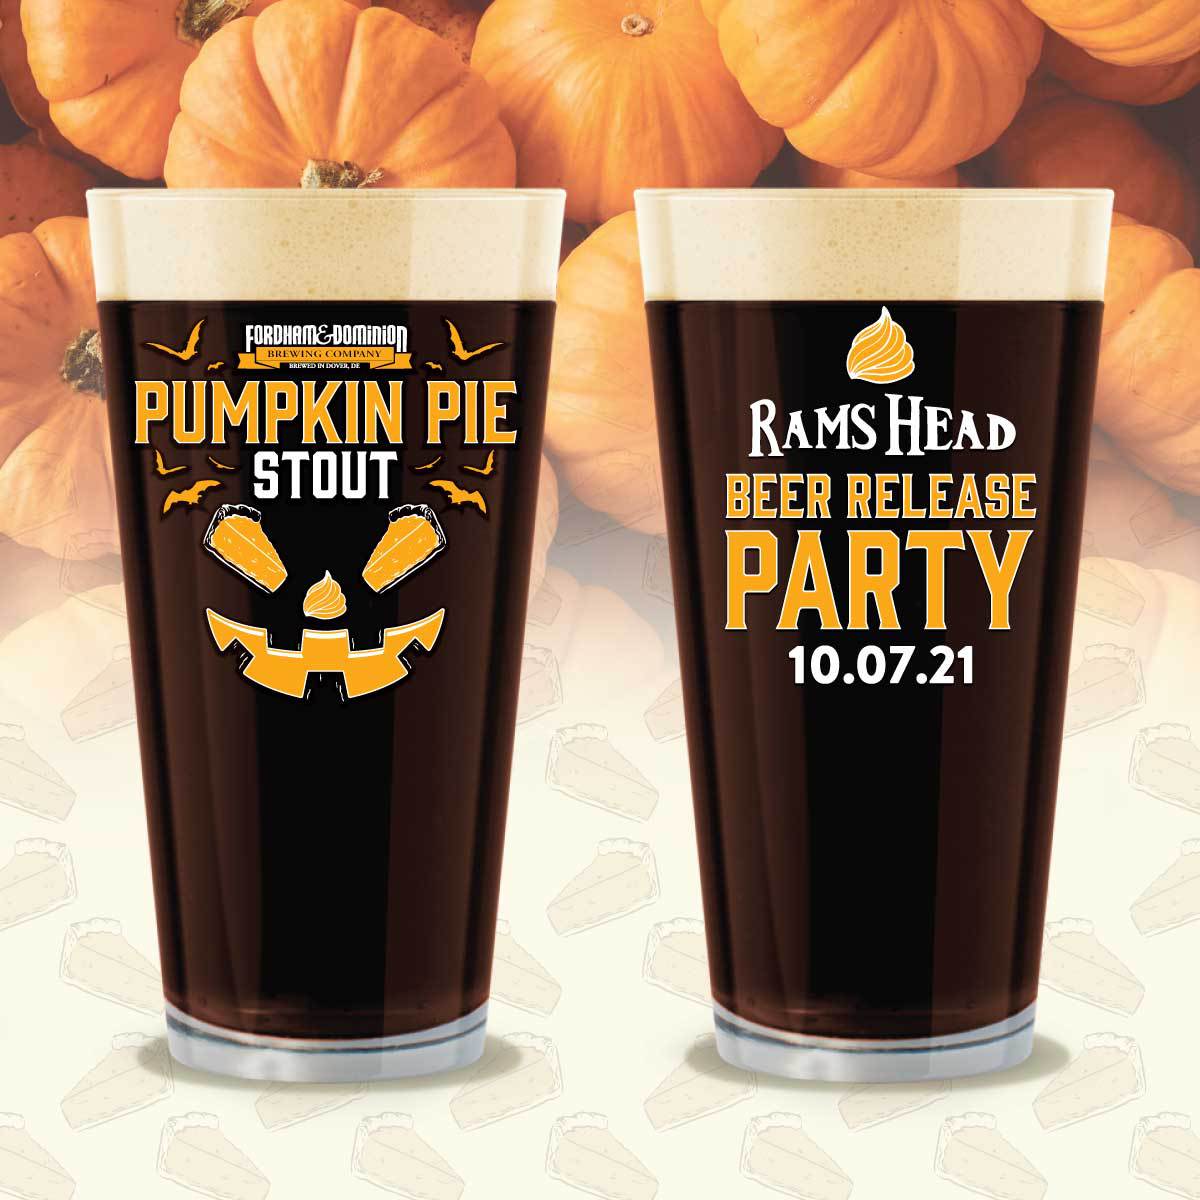 Pumpkin Pie Stout Upcoming Beer Release at Rams Head
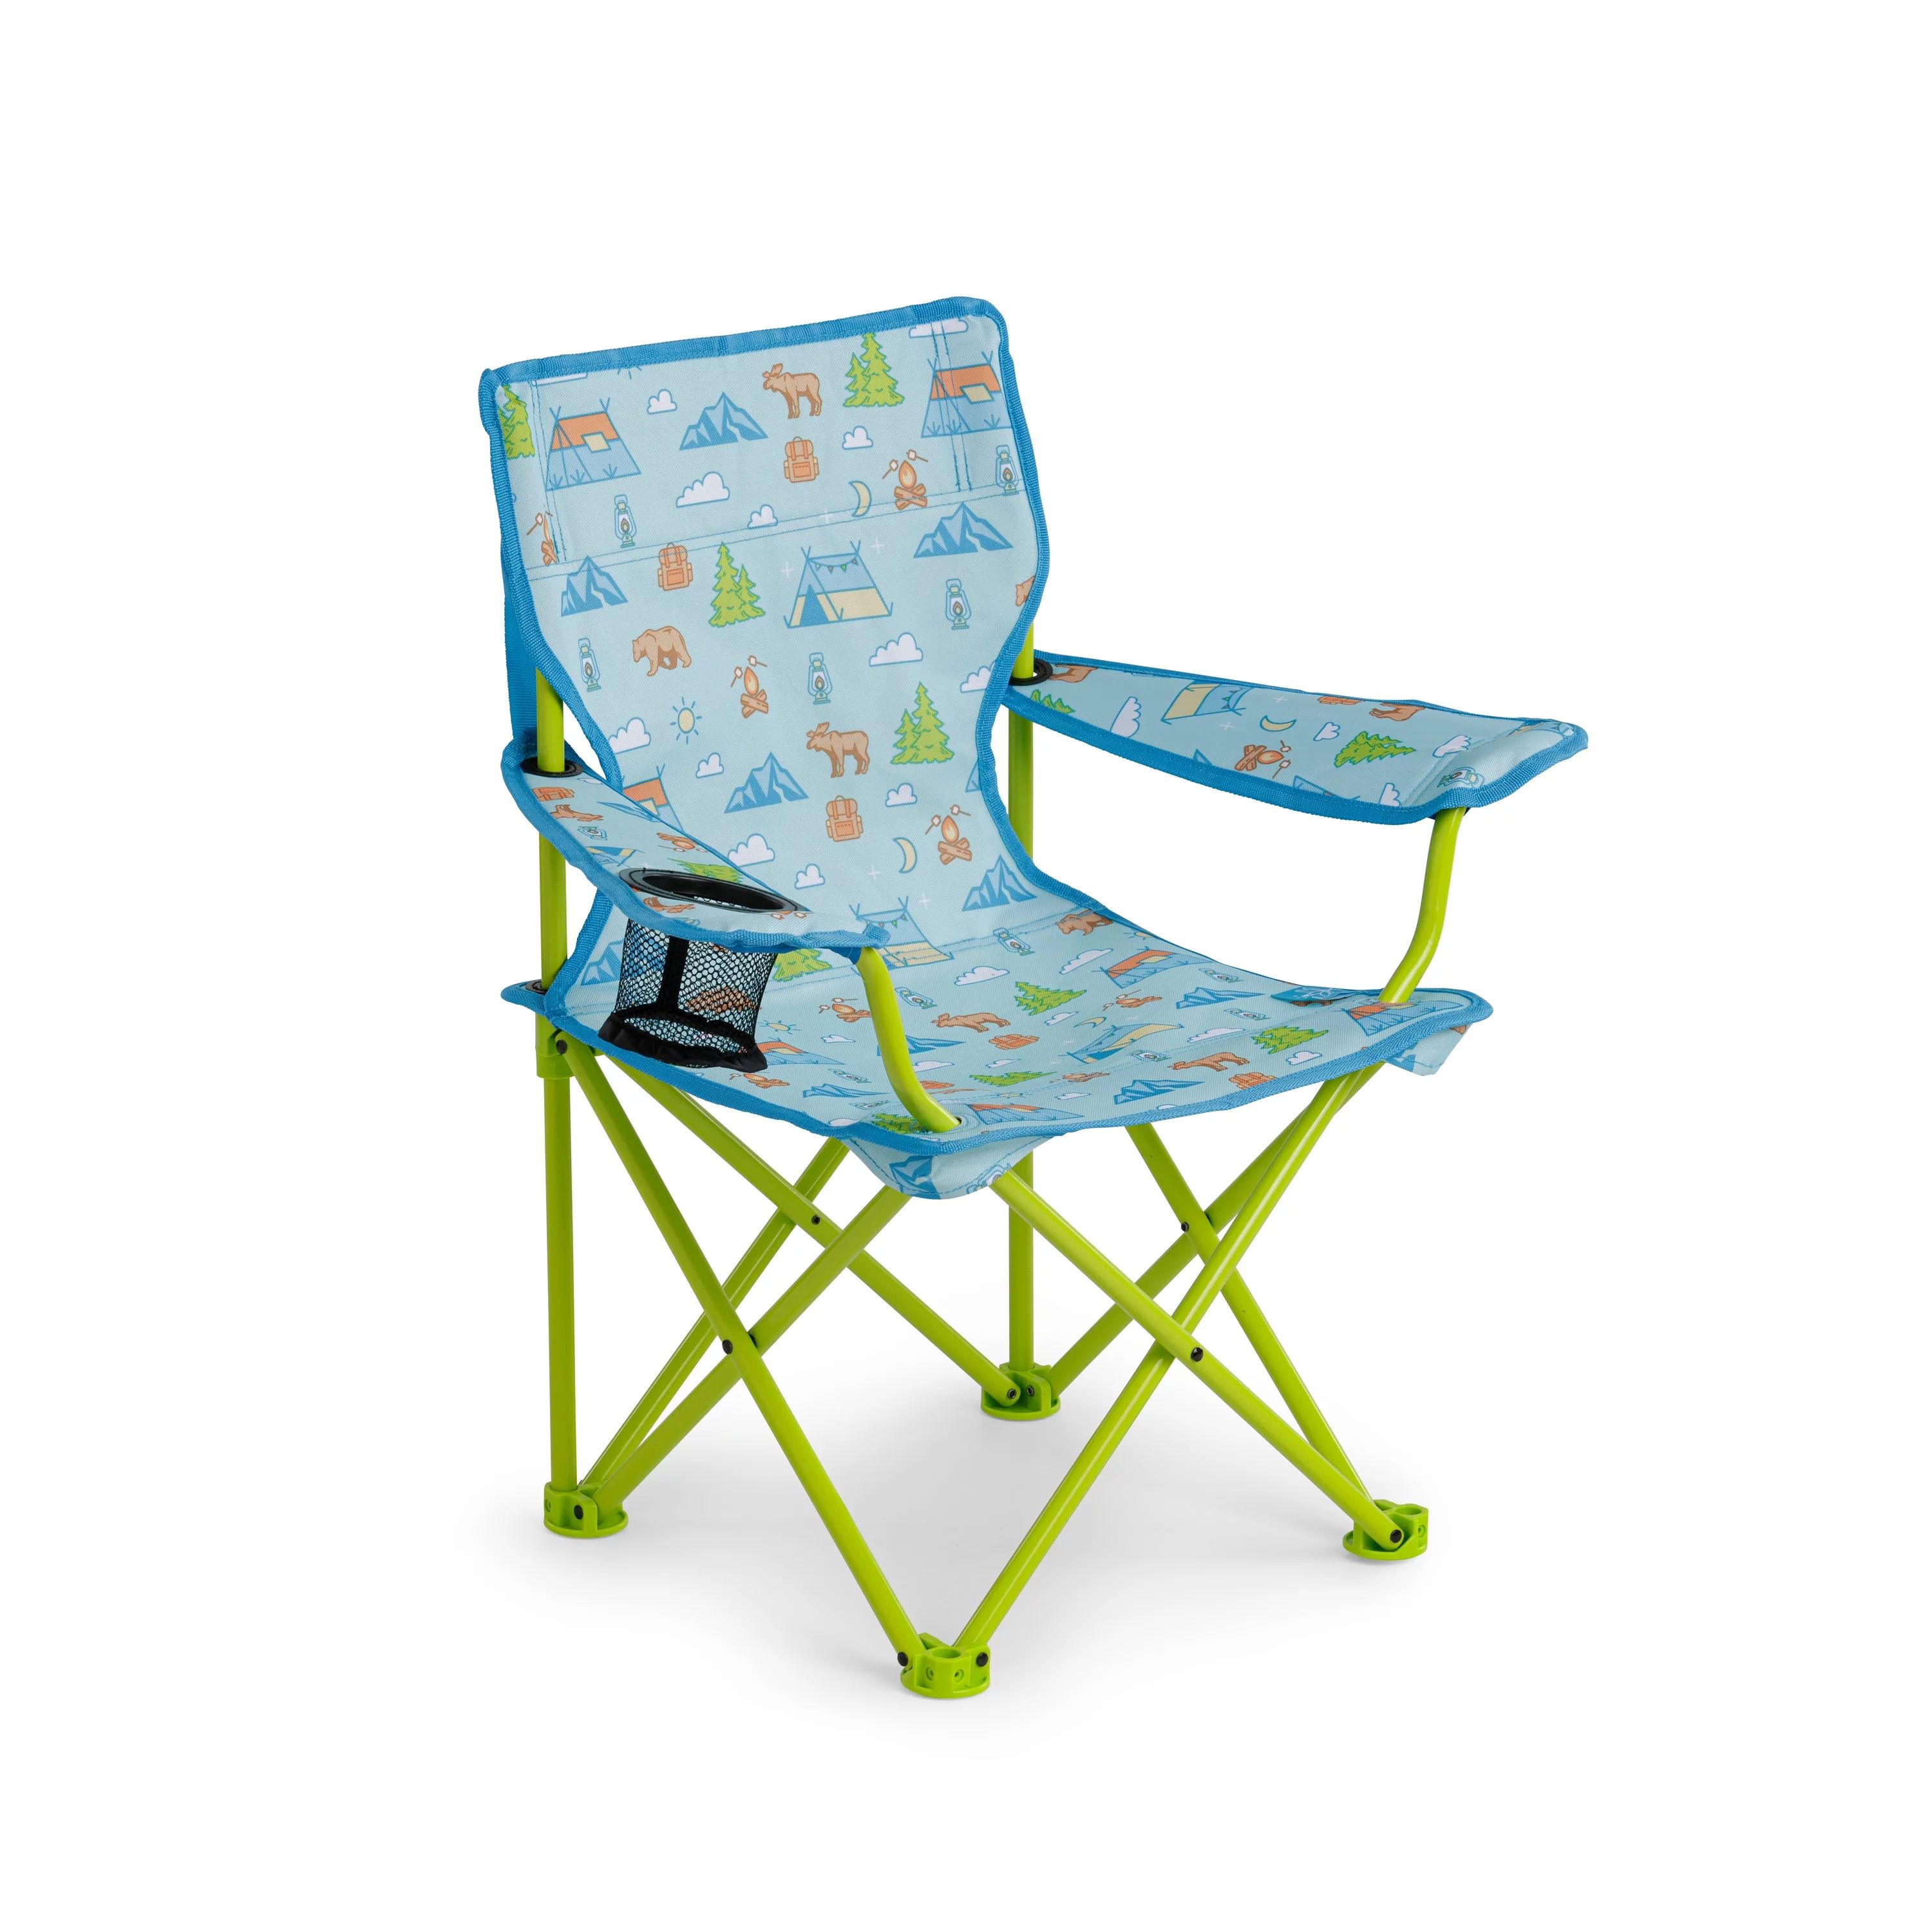 Firefly! Outdoor Gear Youth Camping Chair - Blue/Green Color | Walmart (US)
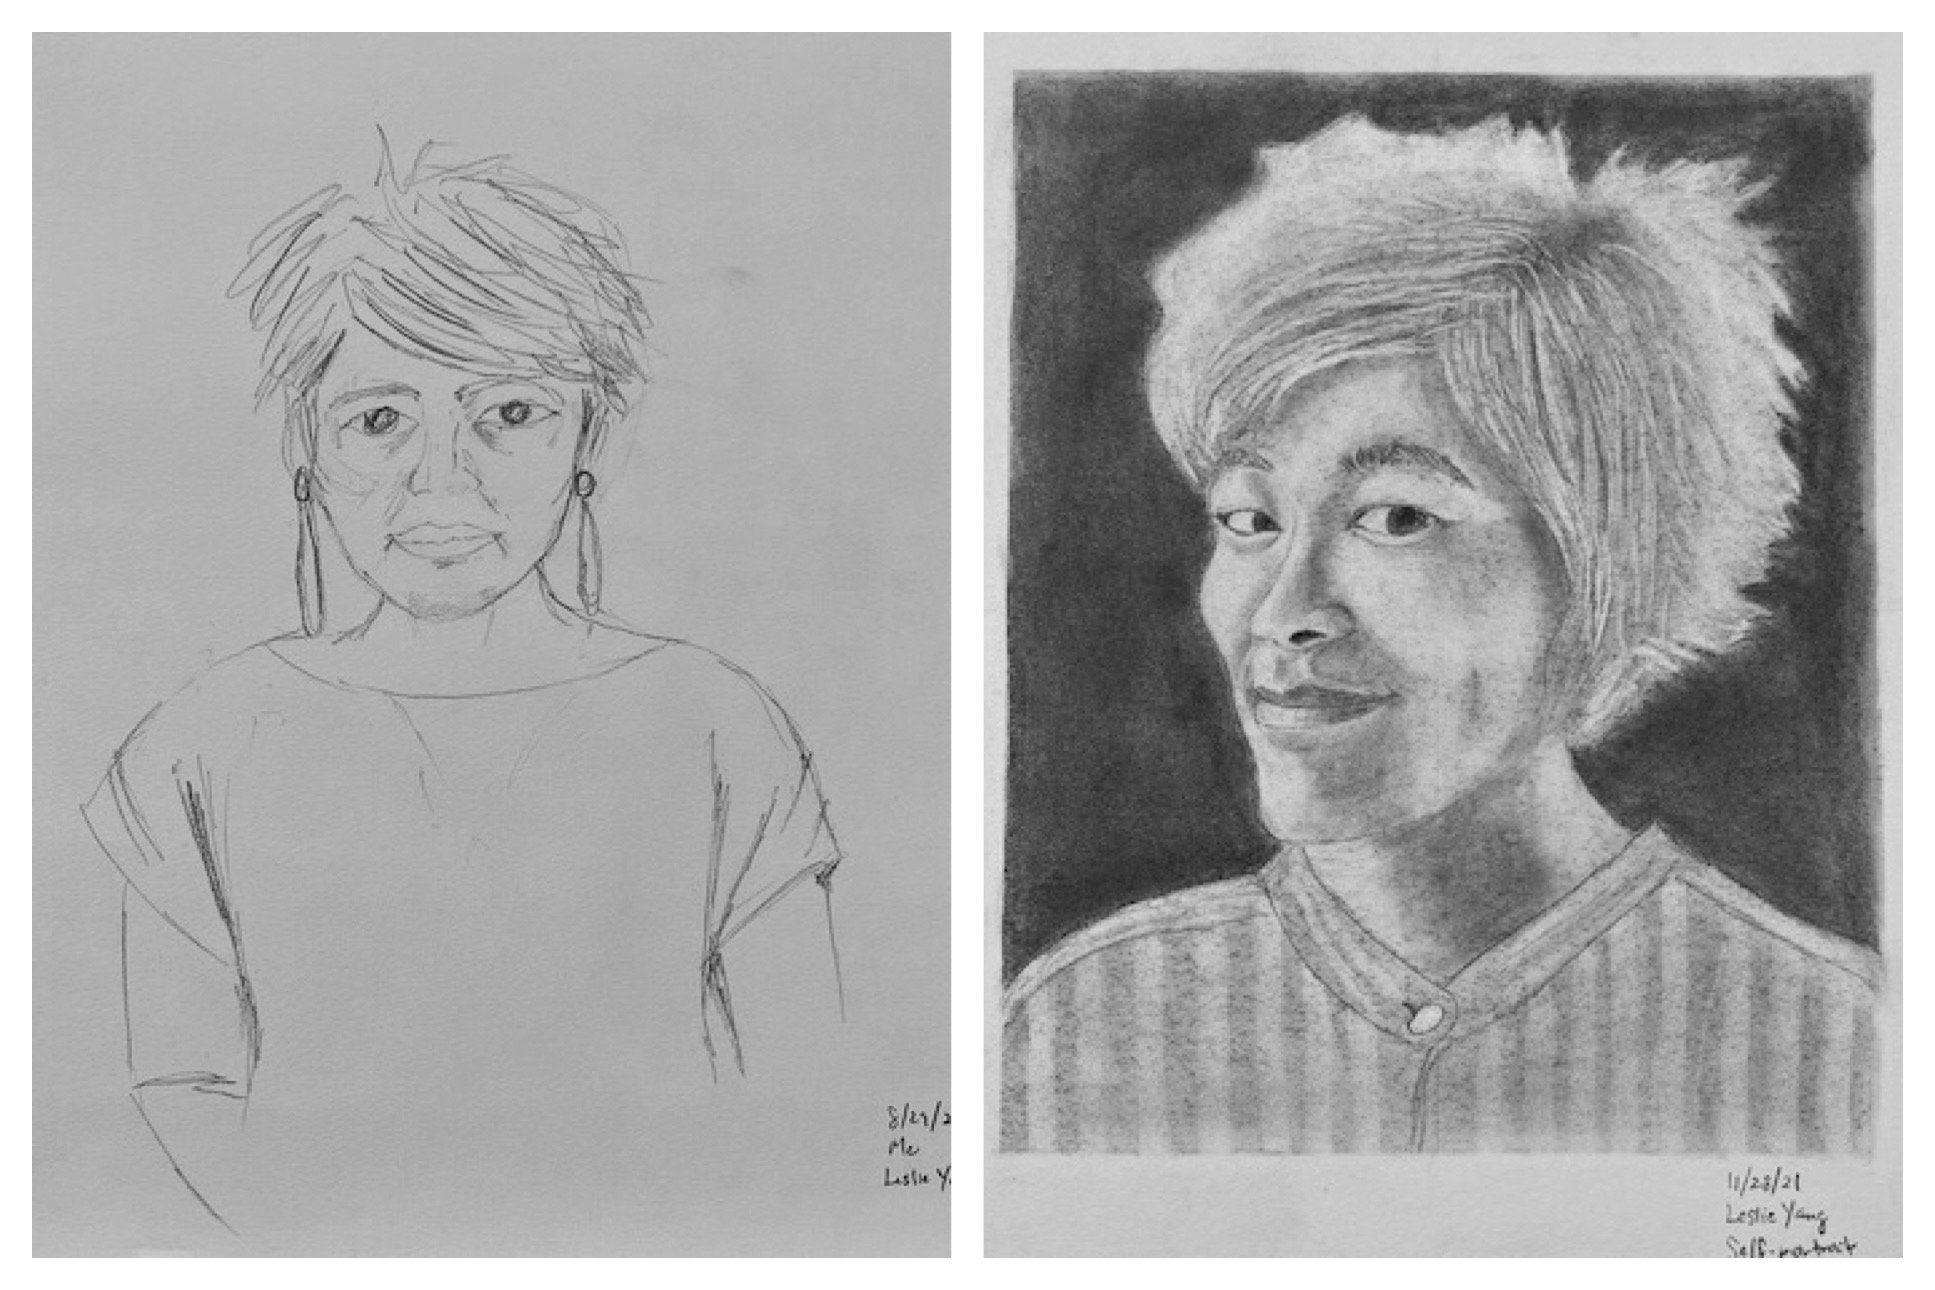 Camille's Before and After Self-Portrait Drawings November 22-27, 2021

→ ASSIGNMENT:
An exact reproduction of the lines from the line containing "Firefly! Outdoor Gear" through the end of the listing above is needed; pictures stay out.

→ EXERCISE RESULT:
 Firefly! Outdoor Gear Youth Camping Chair - Blue/Green Color | Walmart (US)
 Camille's Before and After Self-Portrait Drawings November 22-27, 2021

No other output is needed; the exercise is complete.